Лахезис - Дубов Юлий Анатольевич. Страница 48

Хотя я и чувствовал, что мировой дух активно зашевелился и готовится к прыжку, а поэтому именно сохранение бизнеса следует принимать как единственно возможный вариант, но что-то такое внутри меня этому сопротивлялось. Не потому что я так уж доверял упорно распространяющимся слухам о здоровых силах, вылезающих из окопов и готовых к наведению порядка. В этом меня даже Фролыч убедить не мог, хотя он и обладал неким сокровенным знанием. Просто надвигающуюся перемену своего положения мне было очень трудно принять, и все во мне ее отторгало. Я ведь практически был в системе, стоял на подступах к вершине, и вокруг были такие же, как я, хозяева жизни с близкими, а часто полностью совпадающими жизненными установками, с особым стилем общения, кругом интересов и языком; в нашем окружении не было посторонних и случайных людей, потому что отбиралось оно по незыблемым законам еще сталинского времени, и, хотя слово «элита» в то время еще не было в ходу, мы все чувствовали себя именно элитой, служивым дворянством.

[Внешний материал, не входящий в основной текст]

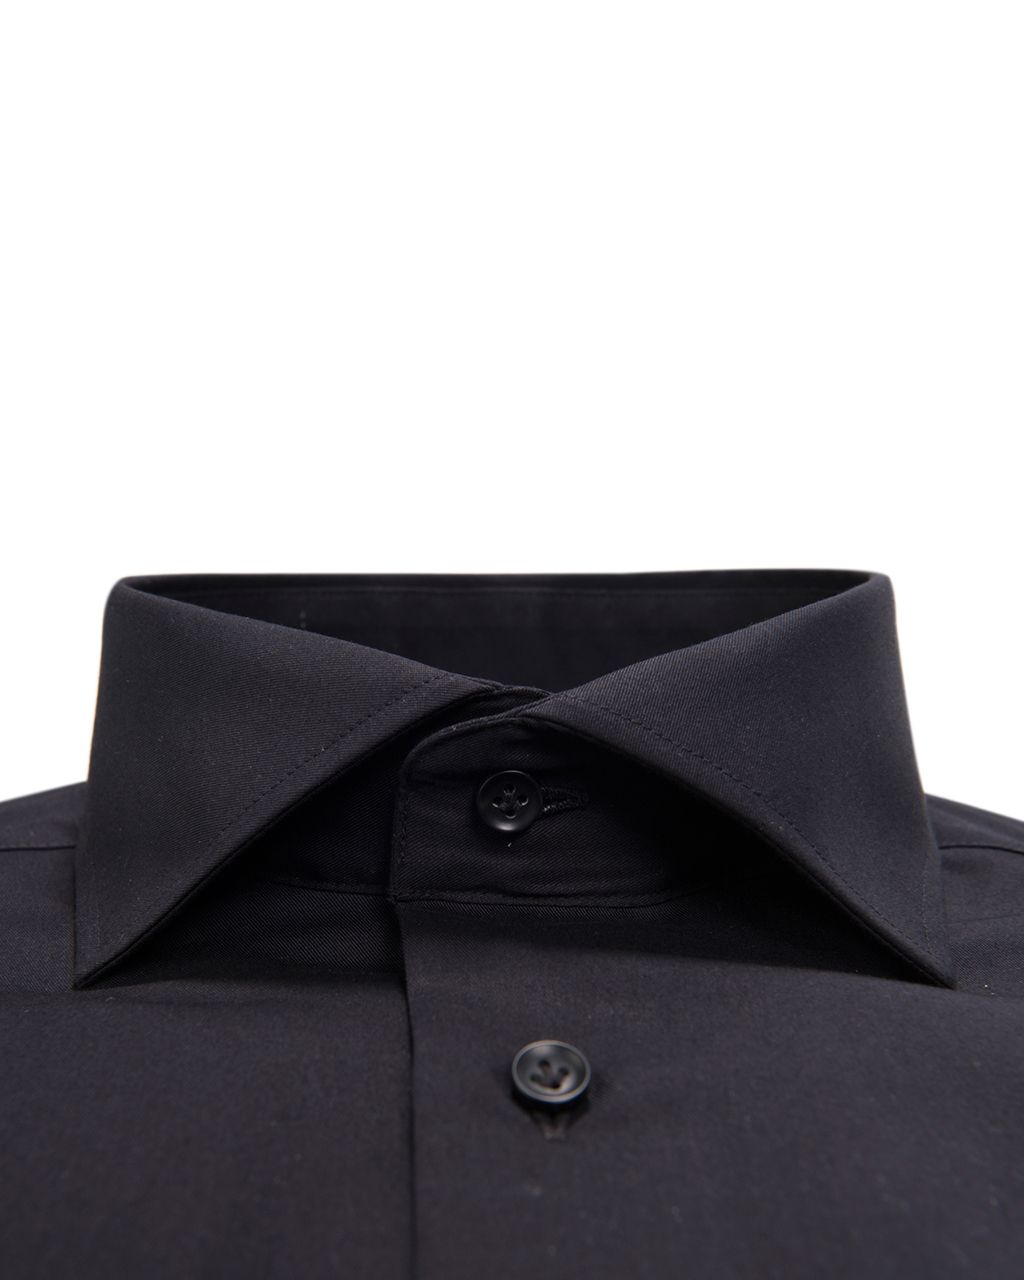 Profuomo Originale Slim fit Overhemd LM Zwart 002303-10-37

Вот от этого мне предстояло отныне отказаться и встать наравне со всякой швалью, для которой темно-зеленый сосуд с паленым пойлом и пакетик с засохшими фисташками еще недавно служил мерилом жизненного успеха.

Знаете, что меня тогда больше всего тревожило? Я слова Веры Семеновны вспоминал, когда она сказала, что никакие торгаши в их круг никогда не попадут. Ну, на ее круг я плевать хотел, кроме Фролыча мне никто и не был нужен, а с ним мы не разлей вода, а вот не повредит ли это все моей перспективе в системе — это был вопрос. А что если система, вслед за Верой Семеновной, возьмет и скажет: «Нам торгаши полезны, конечно, но место их в прихожей, пусть там подождут, пока мы тут ужинаем».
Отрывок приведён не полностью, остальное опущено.